Autosomal recessive polycystic kidney disease (ARPKD [MIM 263200]) is an important cause of renal- and liver-related morbidity and mortality in neonates and infants, occurring in 1 in about 20,000 live births (Guay-Woodford et al. 1996; Zerres et al. 2003). Principal histological manifestations involve the fusiform dilation of renal collecting ducts and hepatobiliary ductal plate malformation. Severely affected neonates display massively enlarged, echogenic kidneys resulting in a “Potter” oligohydramnios phenotype. About 30–50% of affected newborns die shortly after birth from respiratory insufficiency. Those who survive the neonatal period or present later in life express widely variable disease phenotypes with systemic hypertension, end-stage renal disease and sequelae of portal hypertension (Guay-Woodford and Desmond 2003; Bergmann et al. 2005a).

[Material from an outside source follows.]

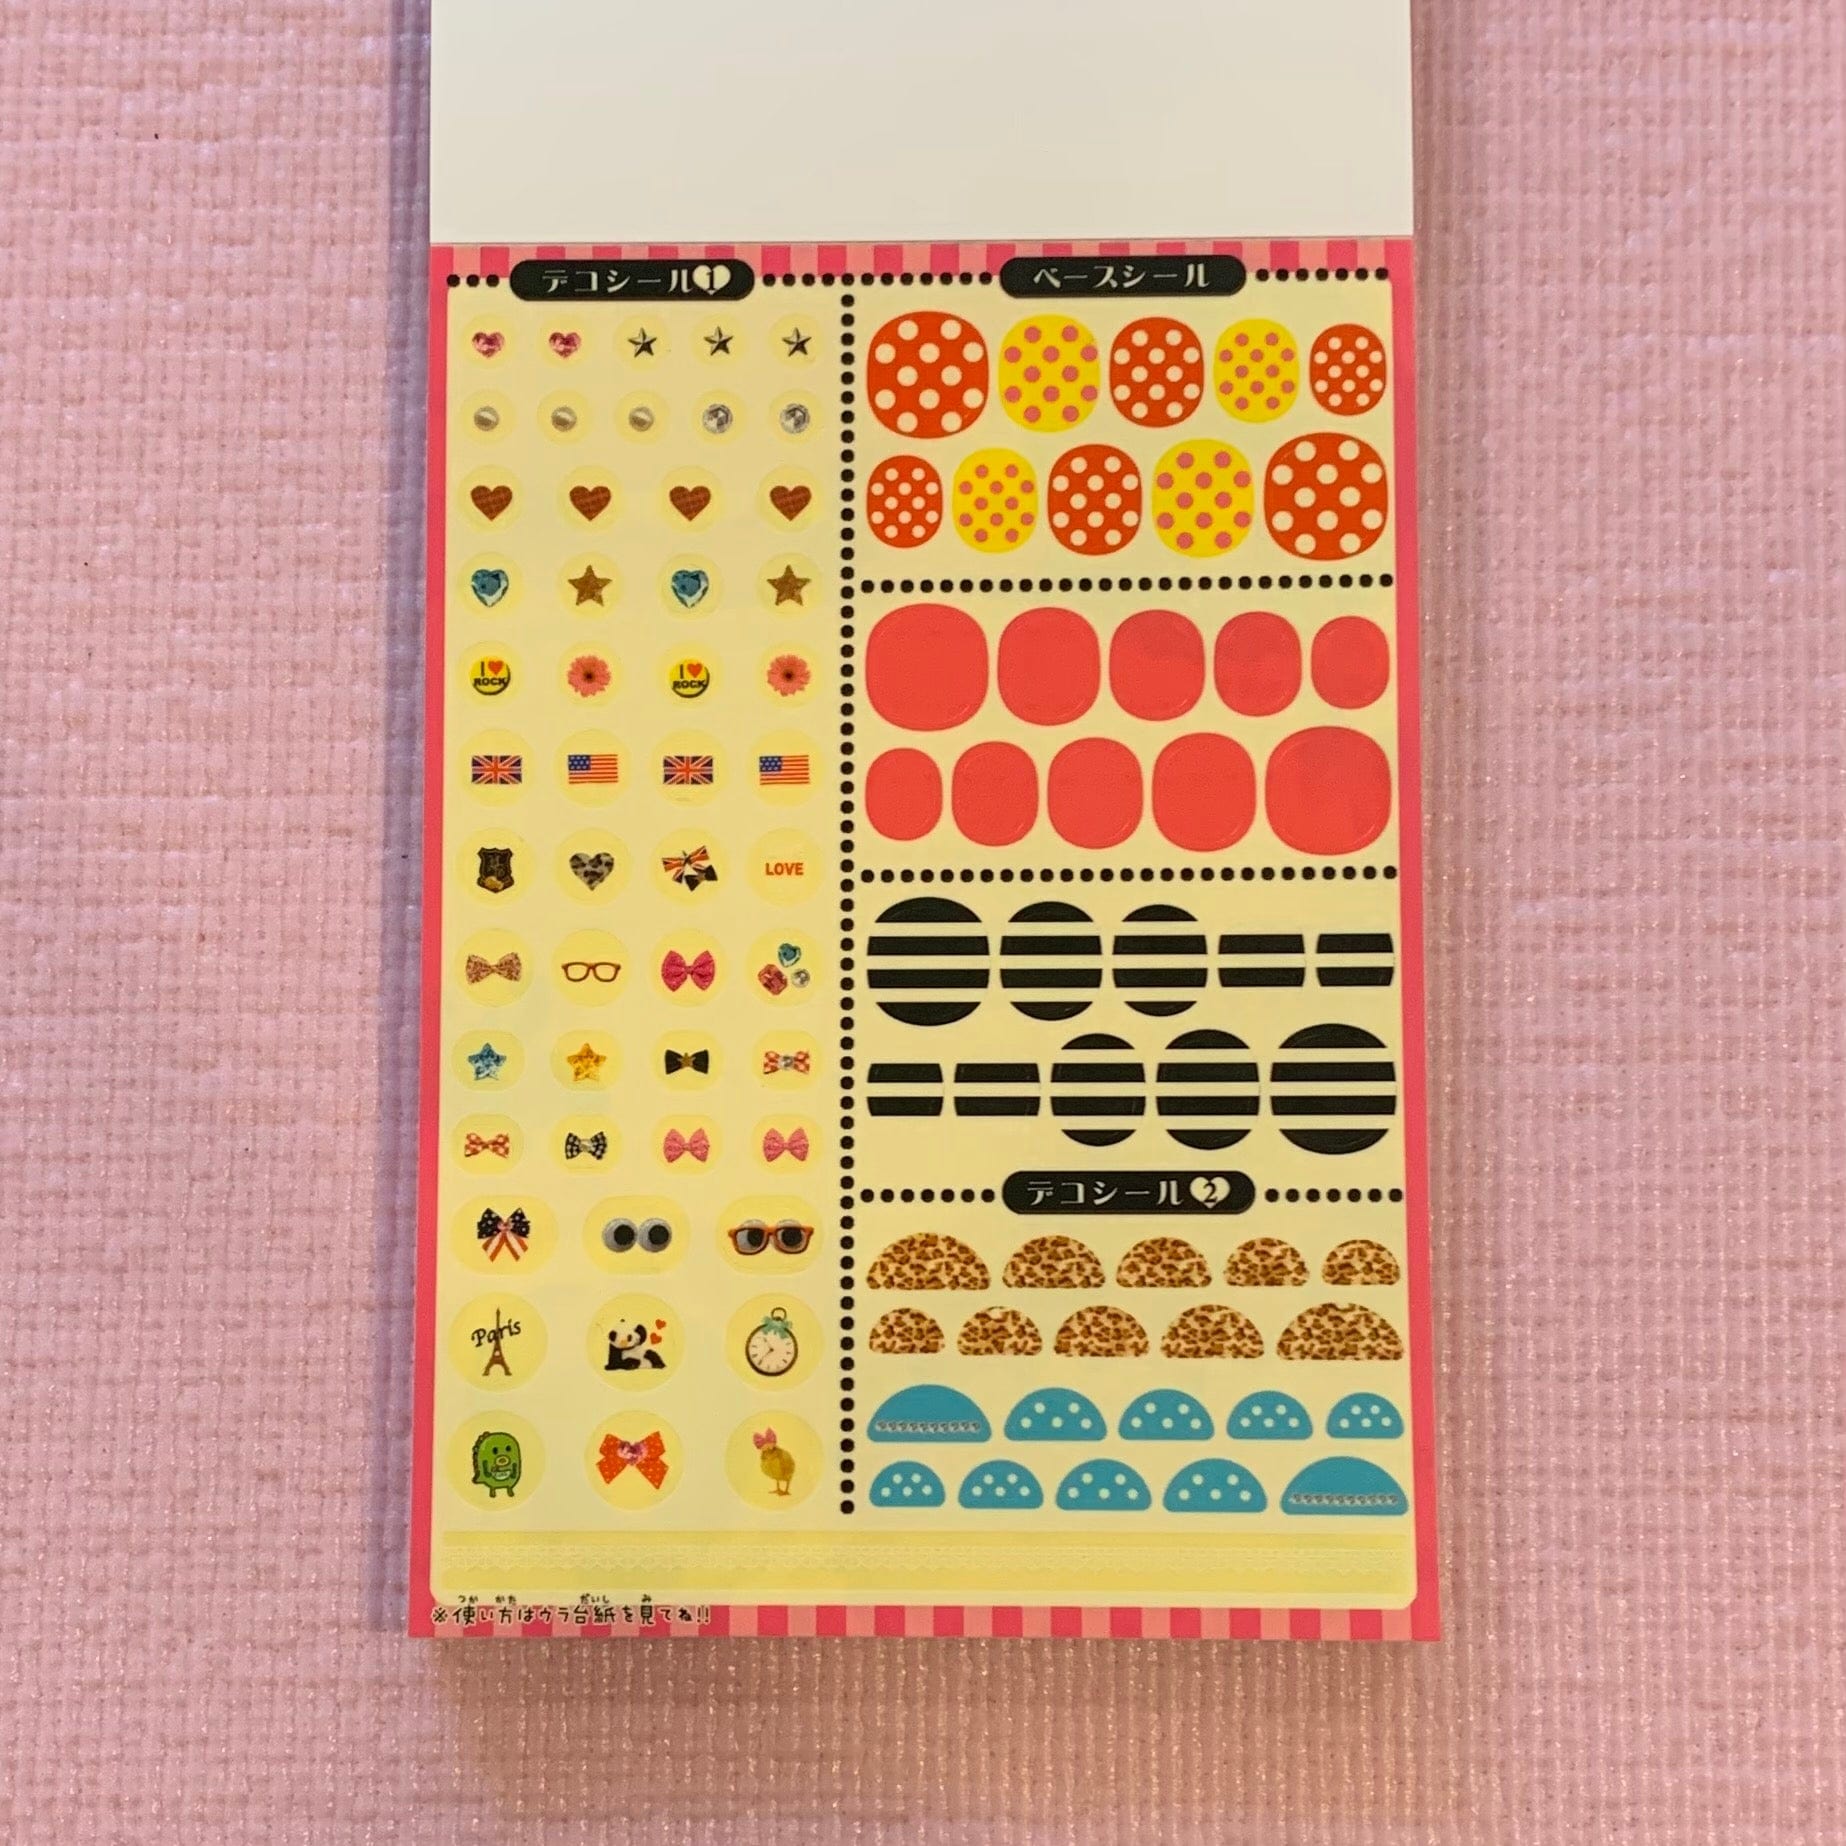 Kawaii Import Foppish Memo with Stickers: Baby Sister Toresodo Kawaii Gifts 4530344605327

The PKHD1 gene (MIM 606702) for ARPKD on chromosome 6p12 is an exceptionally large gene with a minimum of 86 exons (Ward et al. 2002; Onuchic et al. 2002). The longest open reading frame (ORF) comprises 66 exons encoding a protein of 4,074 amino acids. There is increasing evidence that PKHD1 and its murine orthologue undergo a complex pattern of alternative splicing (Onuchic et al. 2002; Nagasawa et al. 2002) pointing to its biological impact. Recent data suggest the existence of various, partly secreted polyductin isoproteins with putatively different functions and Notch-like post-translational processing (Menezes et al. 2004; Hiesberger et al. 2005; Kaimori et al. 2005; Masyuk et al. 2005). The predicted full-length protein polyductin/fibrocystin represents a novel putative integral membrane protein with a possible function as a receptor. Protein expression in kidney and liver is consistent with the sites affected by the disorder. In common with most other cystoproteins, polyductin has been shown to be localised to primary cilia with concentration in the basal body area (Masyuk et al. 2003; Ward et al. 2003; Menezes et al. 2004; Wang et al. 2004; Zhang et al. 2004).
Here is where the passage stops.